You will NOT see the HTTP method, URL, headers, or body inside HTTPS traffic.

For encrypted traffic, use:

  • Application-level logging (the application itself logs requests/responses)
  • A MITM proxy like mitmproxy (intercepts TLS, requires installing its CA cert)
  • curl -v to the same endpoint (the most practical approach)

tshark - Wireshark’s CLI

tshark provides more sophisticated protocol decoding than tcpdump:

# Capture with a display filter (Wireshark filter syntax)
tshark -i any -Y 'http.request.method == "POST"'

# Show only HTTP requests
tshark -i any -Y 'http.request' -T fields -e http.host -e http.request.uri

# Read a pcap file with filters
tshark -r /tmp/capture.pcap -Y 'tcp.port == 8080'

tshark is not installed by default on most systems. Install it with pacman -S wireshark-cli (Arch) or apt install tshark (Debian/Ubuntu).

AGENTIC GROUNDING: tcpdump on the Docker bridge network shows what traffic flows between containers. When the agent sandbox cannot reach the orchestration server, run sudo tcpdump -i docker0 port 8080 and attempt the connection. If you see SYN packets leaving but no SYN-ACK returning, the problem is routing or firewall rules, not the application. If you see no packets at all, the problem is DNS resolution (the container is resolving the hostname to the wrong IP) or the application is not even attempting the connection.

HISTORY: tcpdump was originally written in 1988 by Van Jacobson, Craig Leres, and Steven McCanne at the Lawrence Berkeley National Laboratory. It uses libpcap, the packet capture library that also underlies Wireshark (originally Ethereal, first released in 1998). McCanne’s work on the BSD Packet Filter (BPF, 1993) provided the kernel-level filtering mechanism that makes tcpdump efficient - filters are compiled into a bytecode that runs in the kernel, so only matching packets are copied to userspace. BPF was later extended into eBPF, which is now used for far more than packet filtering (tracing, security policies, networking).

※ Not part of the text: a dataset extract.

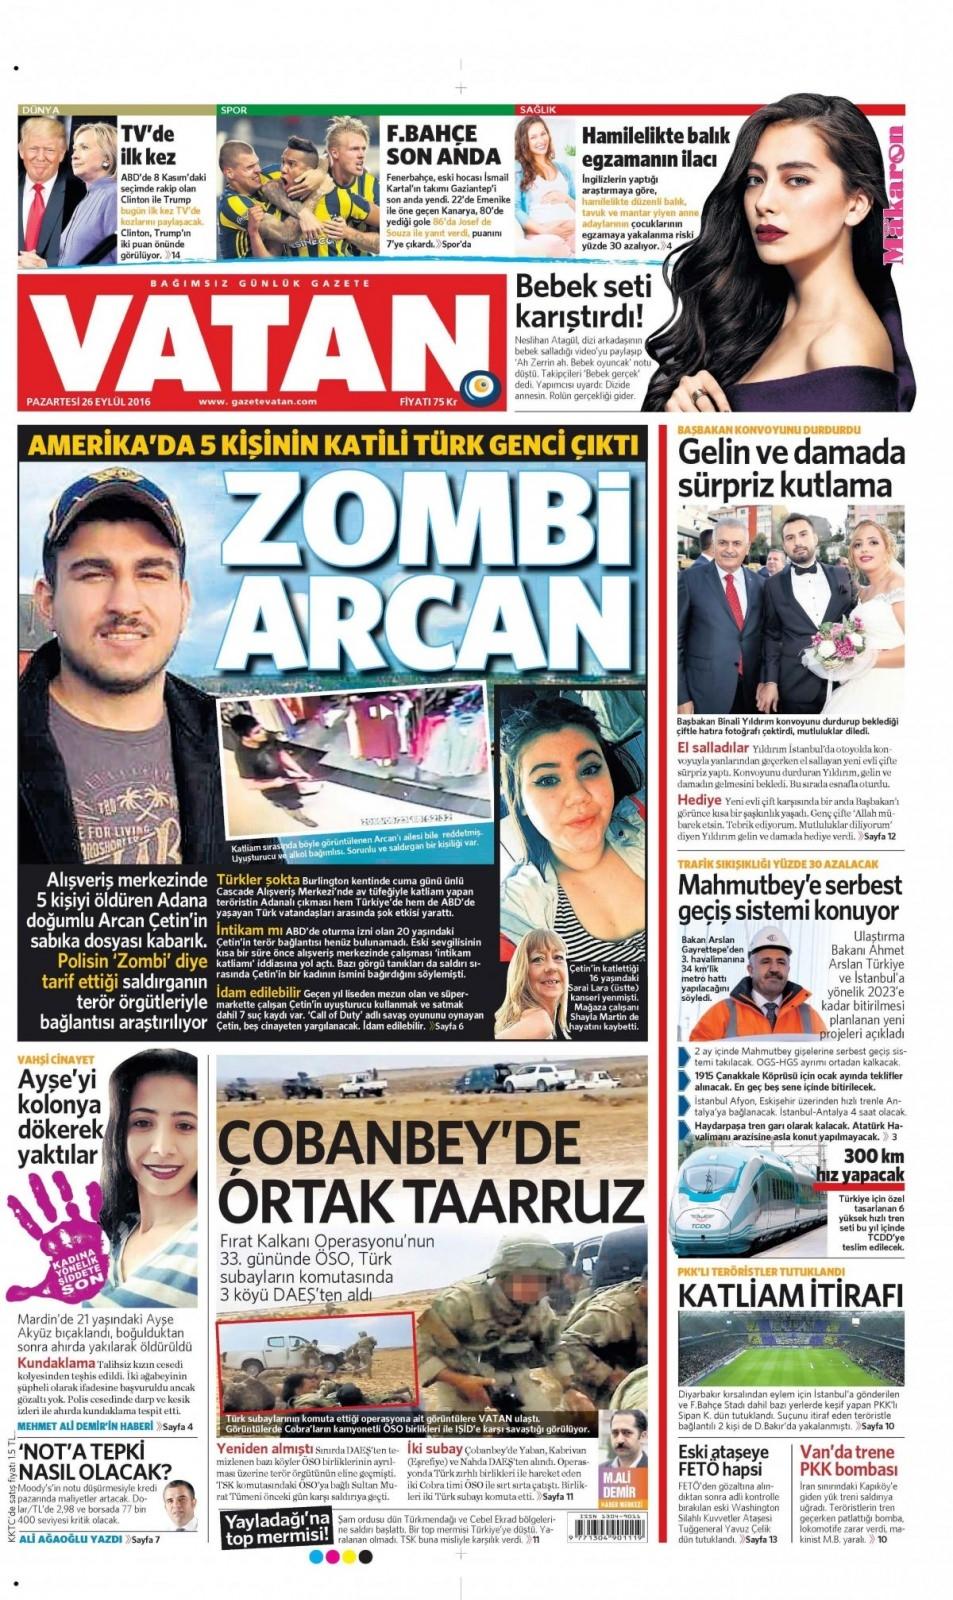 26 Eylül Pazartesi gazete manşetleri 12

6. iptables/nftables - Firewall and Packet Filtering

Estimated time: 30 minutes

iptables controls the Linux kernel’s packet filtering. It decides which packets are allowed in, allowed out, and forwarded. When a connection is silently dropped or mysteriously refused, iptables rules are a common cause, especially in Docker environments where Docker heavily manipulates iptables for port mapping and container networking.

Viewing Current Rules

# List all rules in all chains (requires root)
sudo iptables -L -n

# Verbose output with packet/byte counters
sudo iptables -L -n -v

# List NAT rules (Docker uses these heavily)
sudo iptables -t nat -L -n

# List rules with line numbers (useful for inserting/deleting)
sudo iptables -L -n --line-numbers

The -n flag prevents DNS lookups on IP addresses in the output. Without it, iptables tries to resolve every IP to a hostname, which is slow and often fails.

The Chain Model

iptables processes packets through chains of rules. Each rule matches a condition and specifies an action (called a “target”).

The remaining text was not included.